|De Guzman, Lilia|
|KHONGPHINITBUNJONG, KITIPHONG - Chiang Mai University|
Submitted to: Journal of Apicultural Research
Publication Type: Research Notes
Publication Acceptance Date: 9/6/2013
Publication Date: 12/15/2013
Citation: De Guzman, L.I., Khongphinitbunjong, K., Rinderer, T.E., Tarver, M.R., Frake, A.M. 2013. A laboratory technique to study the effects of Varroa destructor and viruses on developing worker honey bees. Journal of Apicultural Research. 52(5):262-264.
Interpretive Summary: The effects of Varroa and deformed wing virus (DWV) on naturally developing L4 and newly sealed (NSL) larvae were assessed in the laboratory. Trial 1 used L4 and NSL inoculated with one Varroa with un-manipulated NSL served as controls. In Trial 2, only L4 larvae were used as hosts for the following treatments: a) one Varroa, b) two Varroa, c) no Varroa and fed 2 µl Deformed wing virus (DWV), d) one Varroa and fed 2 µl DWV, and control (no Varroa or DWV). All test brood (except Trial 1 control) was sealed with gel caps. Our results showed that about 80% of the Varroa reproduced. Regardless of Trial, Varroa reproduced normally with the lowest progeny per infested cell recorded in brood inoculated with one Varroa (3.1 ± 0.4 progeny) and those inoculated with 2 Varroa supported the highest progeny (5.8 ± 0.6 progeny). Likewise, test brood continued to develop to adulthood. Overall, newly emerged worker bees from the control groups were the heaviest (>100 mg) while those brood inoculated with 2 Varroa were the lightest (about 75 mg). Bee weights correlated negatively with the number of Varroa per infested host. Our data suggest that this gel cap technique did not cause adverse effect on Varroa reproduction and bee weights. It also avoids injuries to test bees because no larval manipulation is required. Brood removal by bees is also prevented.

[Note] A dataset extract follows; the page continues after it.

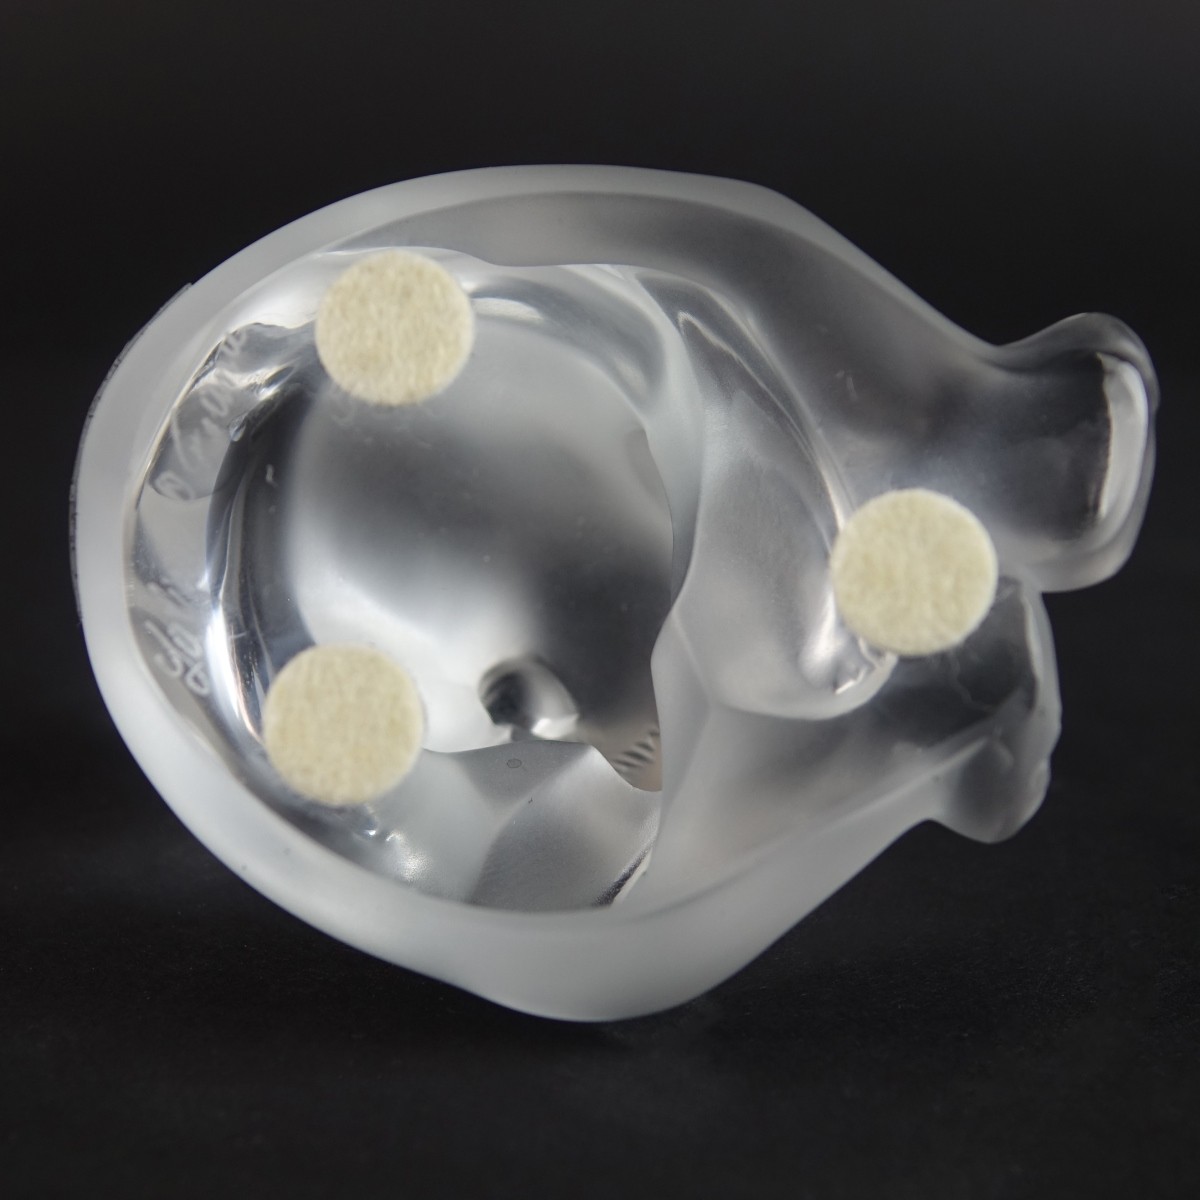 Lalique "Panda" Crystal Figurine

Technical Abstract: Existing techniques for in vitro rearing honey bees and Varroa involve brood manipulation. In this laboratory study, we used larvae that were naturally developing in a comb as Varroa- and virus-inoculation hosts. In Trial 1, we used L4 larvae and newly sealed larvae (NSL) as hosts which were inoculated with one Varroa. Thereafter, each cell was sealed with a gel cap, which was cut from the bottom of a gelatin capsule. Un-manipulated NSL served as controls. Trial 2 used L4 (sealed with gel caps) as hosts with the following treatments: a) one Varroa, b) two Varroa, c) no Varroa and fed 2 µl Deformed wing virus (DWV), d) one Varroa and fed 2 µl DWV, and control (no Varroa or DWV). Fecundity of Varroa and weight at bee mergence were noted. Our results showed that about 80% of the Varroa reproduced. In Trial 1, Varroa inoculated in L4 (4.0 ± 0.3 progeny) and NSL (3.7 ± 0.4 progeny) groups had similar fecundity. However, workers from the control group (108.81 ± 0.91 mg) were heavier than from the NSL (96.2 ± 1.6 mg) group. Brood inoculated at the L4 stage (79.1 ± 2.1 mg) was lighter. In Trial 2, brood inoculated with two Varroa supported more progeny per infested cell (5.8 ± 0.6 progeny) than did brood with one Varroa (3.1 ± 0.4 progeny) or one Varroa and DWV (3.2 ± 0.4 progeny). Bee weights (mg) also differed significantly: control bees (101.2 ± 1.9) = bees having one Varroa (94.6 ± 3.5) = bees that had DWV (91.8 ± 2.6) > bees with DWV and one Varroa (80.9 ± 3.4) and bees with two Varroa (75.2 ± 2.5). Overall, bee weights correlated negatively with the number of Varroa per infested cell. The use of gel caps to seal brood naturally developing in their comb for laboratory studies has some advantages. This technique allows for the study of individual worker bee’s responses to inoculations with Varroa and viruses without the need to manipulate larvae, provision larval food or transfer brood to pupation plates. Loss of brood through hygienic behavior of bees is also avoided since test brood is kept in an incubator. This method also allows simplified tracking of individual bees.